* [What is being asked]
Below is a listing; repeat exactly the lines from the one containing "Tradla Rosegold Metal" to the one containing "Single flower vase", both included.

* [Dataset records]

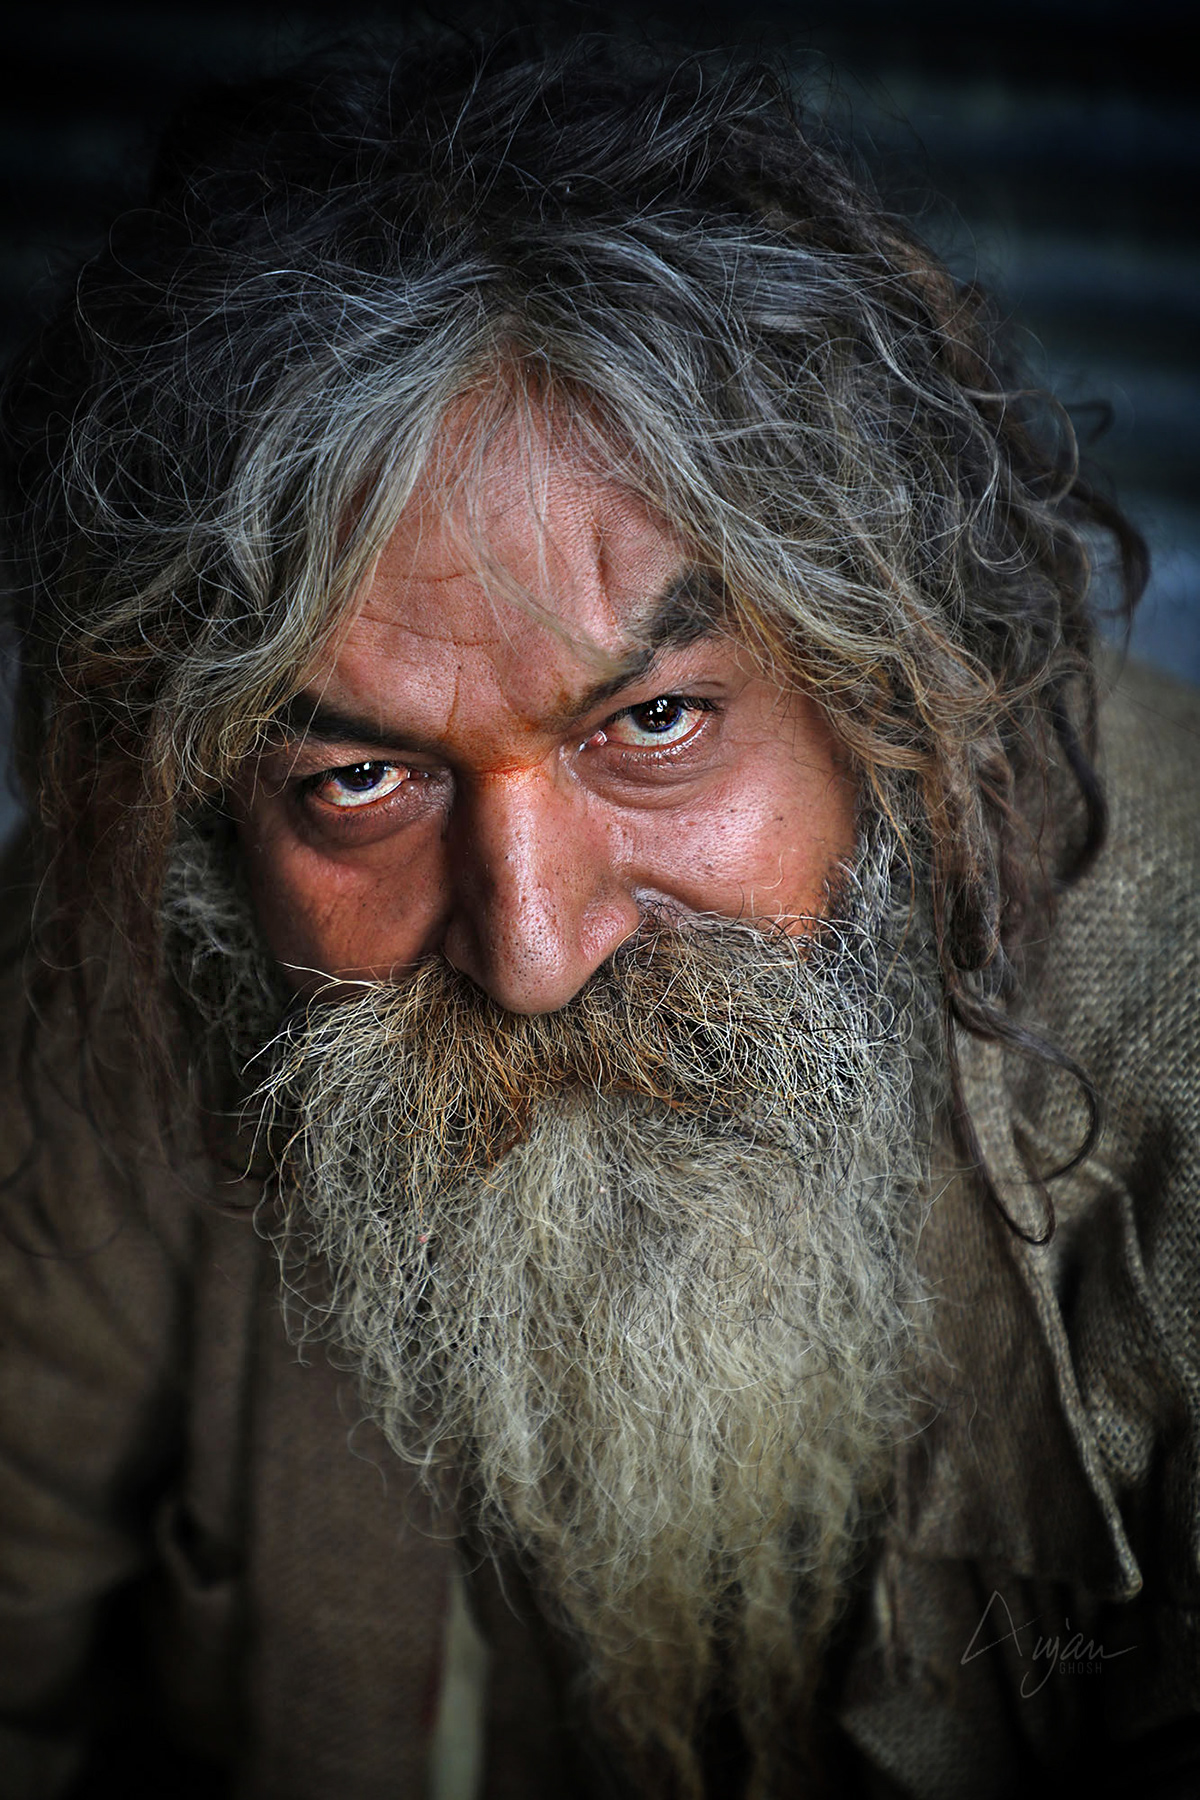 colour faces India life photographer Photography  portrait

---

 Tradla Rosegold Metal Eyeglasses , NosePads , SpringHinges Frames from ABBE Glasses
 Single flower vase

==

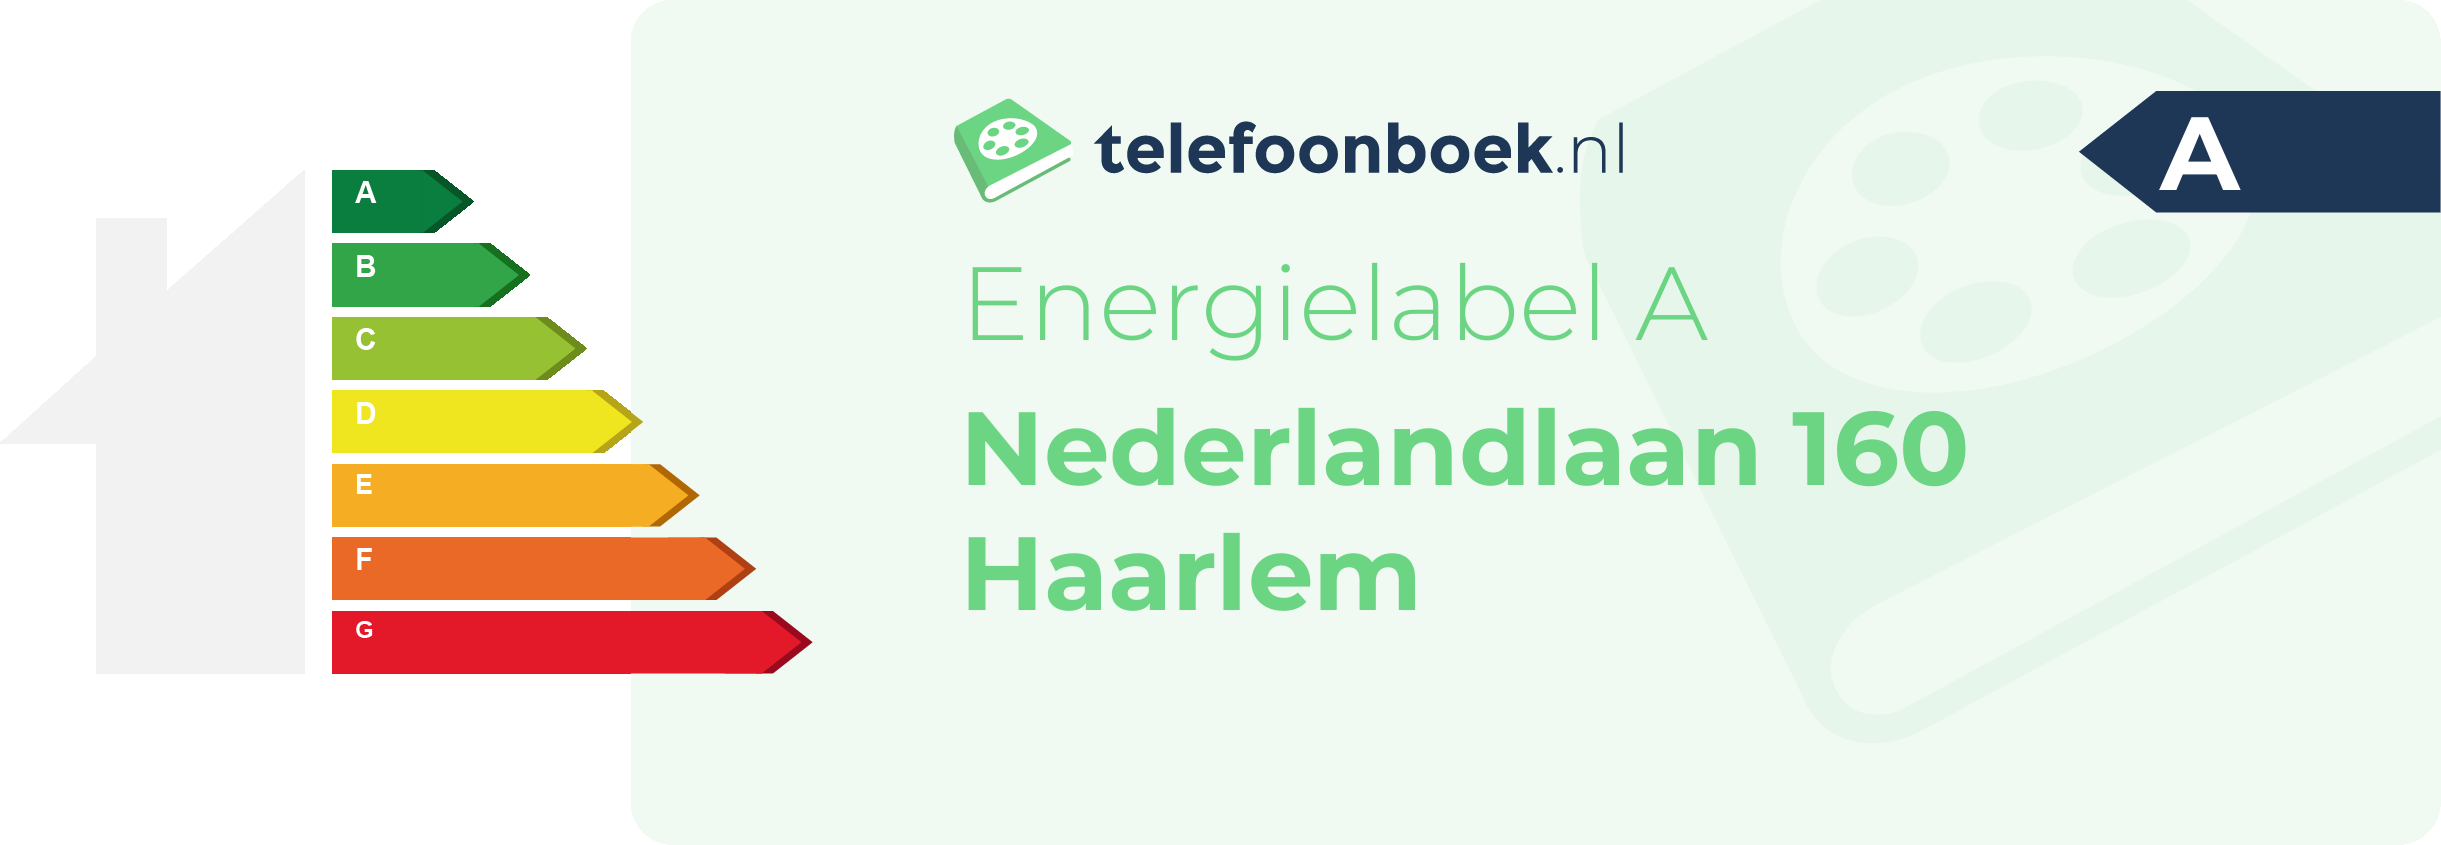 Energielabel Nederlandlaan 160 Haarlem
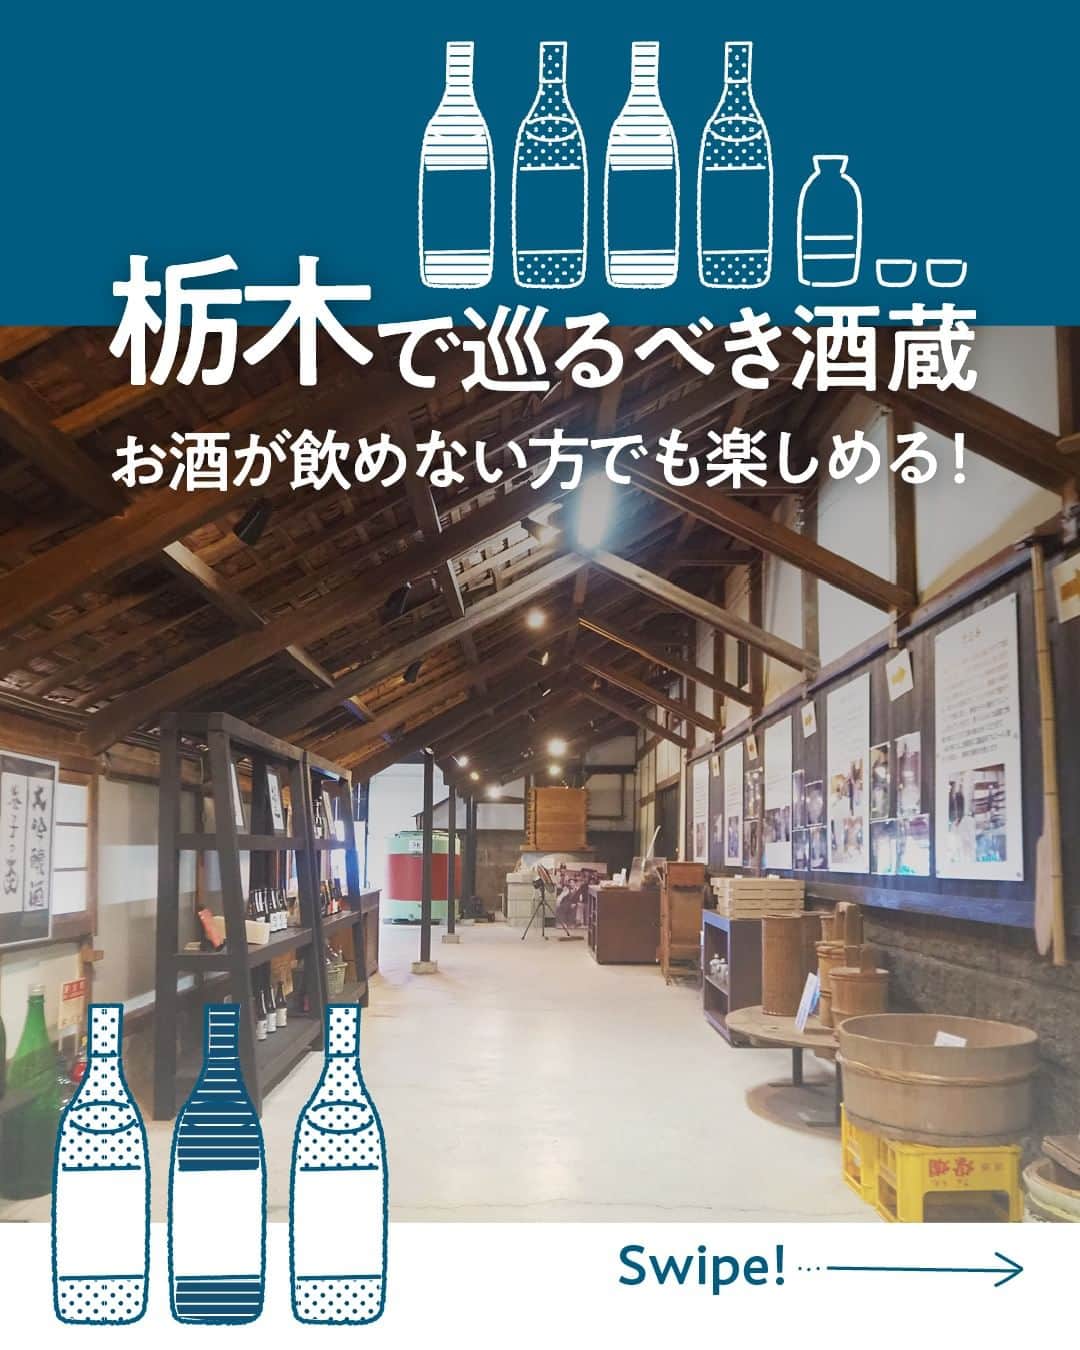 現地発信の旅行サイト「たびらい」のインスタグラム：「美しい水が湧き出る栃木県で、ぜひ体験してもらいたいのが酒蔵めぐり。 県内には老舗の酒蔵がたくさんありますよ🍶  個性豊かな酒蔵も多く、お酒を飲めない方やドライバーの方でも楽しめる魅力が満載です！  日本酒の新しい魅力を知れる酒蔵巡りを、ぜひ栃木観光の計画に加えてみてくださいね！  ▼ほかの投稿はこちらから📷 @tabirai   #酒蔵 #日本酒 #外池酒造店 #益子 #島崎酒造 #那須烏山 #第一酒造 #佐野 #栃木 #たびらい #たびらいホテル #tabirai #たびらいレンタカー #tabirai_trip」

* [Your response]
 Tradla Rosegold Metal Eyeglasses , NosePads , SpringHinges Frames from ABBE Glasses
 Single flower vase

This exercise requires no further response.